TASK TO COMPLETE =
Find, in the records below, the line that contains "Vintage French Watercolour Painting" and the line that contains "condition: overall very good and sound, a". Copy those two lines and everything between them exactly, but not the pictures.

RECORDS PROVIDED =
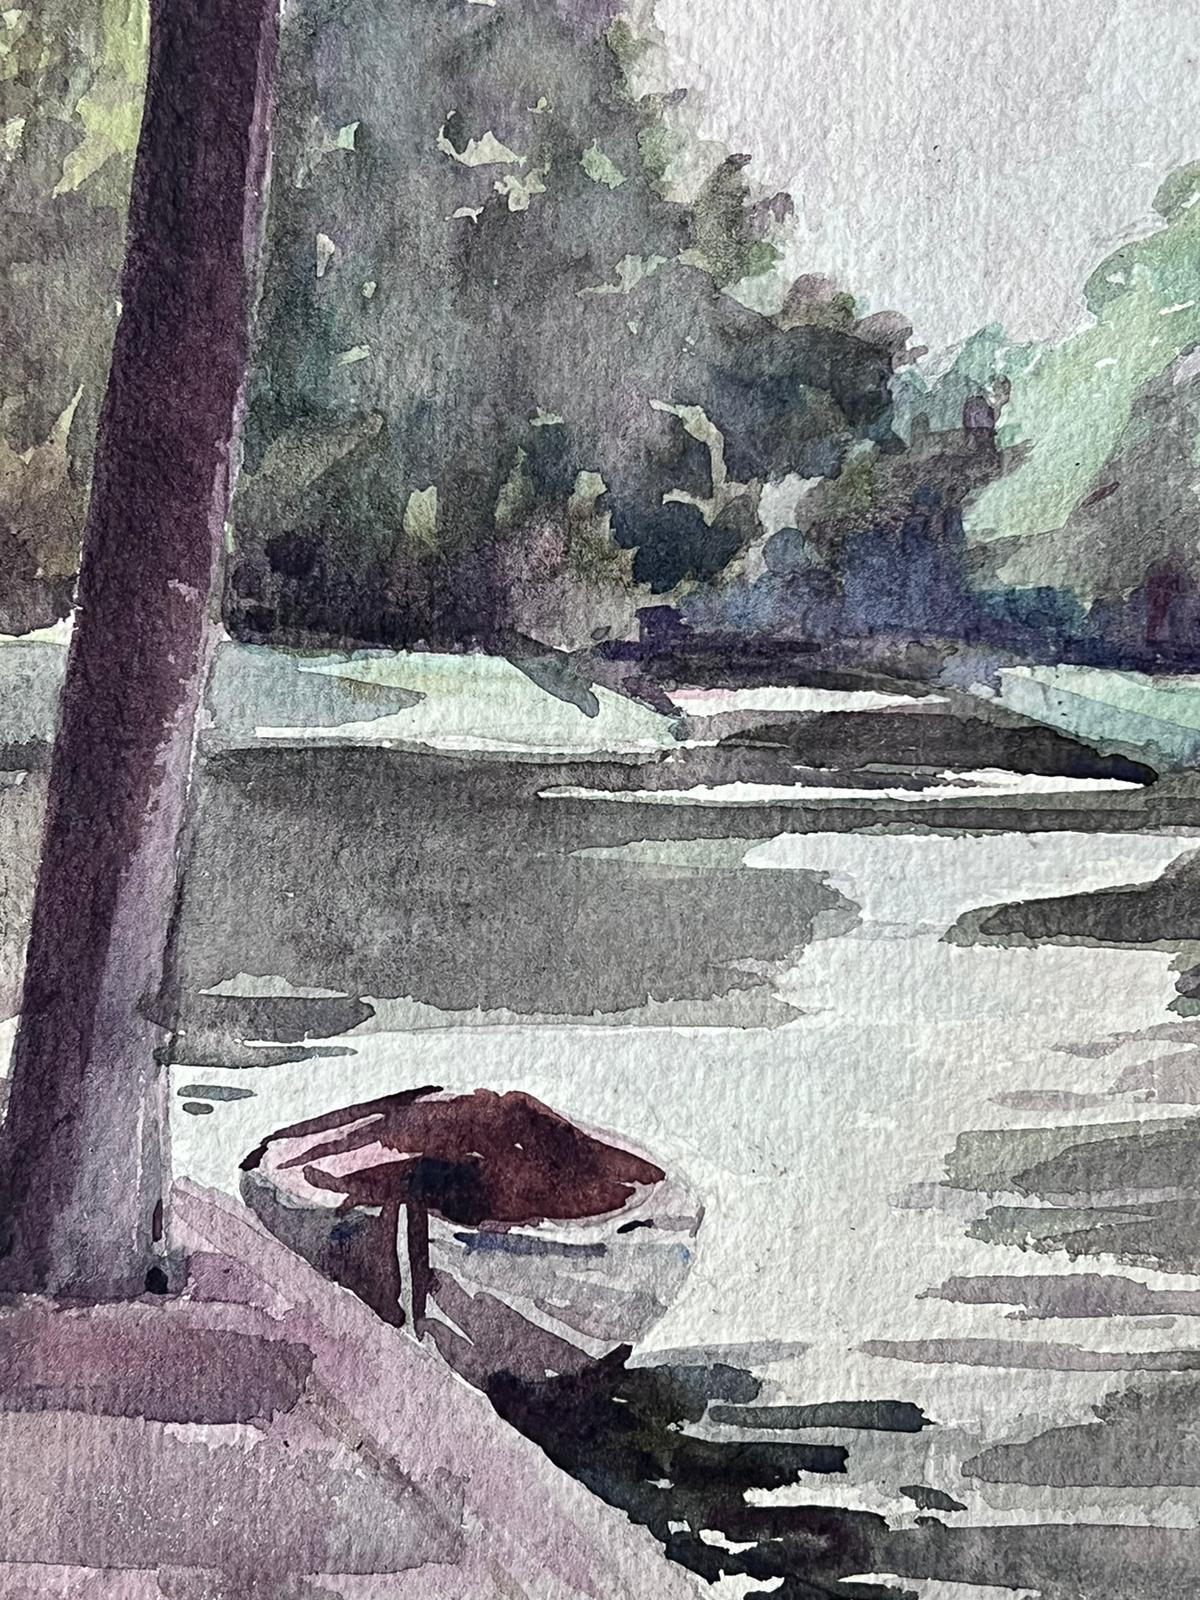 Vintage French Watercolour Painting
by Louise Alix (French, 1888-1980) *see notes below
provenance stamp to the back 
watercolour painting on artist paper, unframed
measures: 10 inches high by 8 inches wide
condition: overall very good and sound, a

--

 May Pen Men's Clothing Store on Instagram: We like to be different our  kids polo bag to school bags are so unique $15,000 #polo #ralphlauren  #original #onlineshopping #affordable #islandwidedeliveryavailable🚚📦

EXPECTED ANSWER =
 Vintage French Watercolour Painting
by Louise Alix (French, 1888-1980) *see notes below
provenance stamp to the back 
watercolour painting on artist paper, unframed
measures: 10 inches high by 8 inches wide
condition: overall very good and sound, a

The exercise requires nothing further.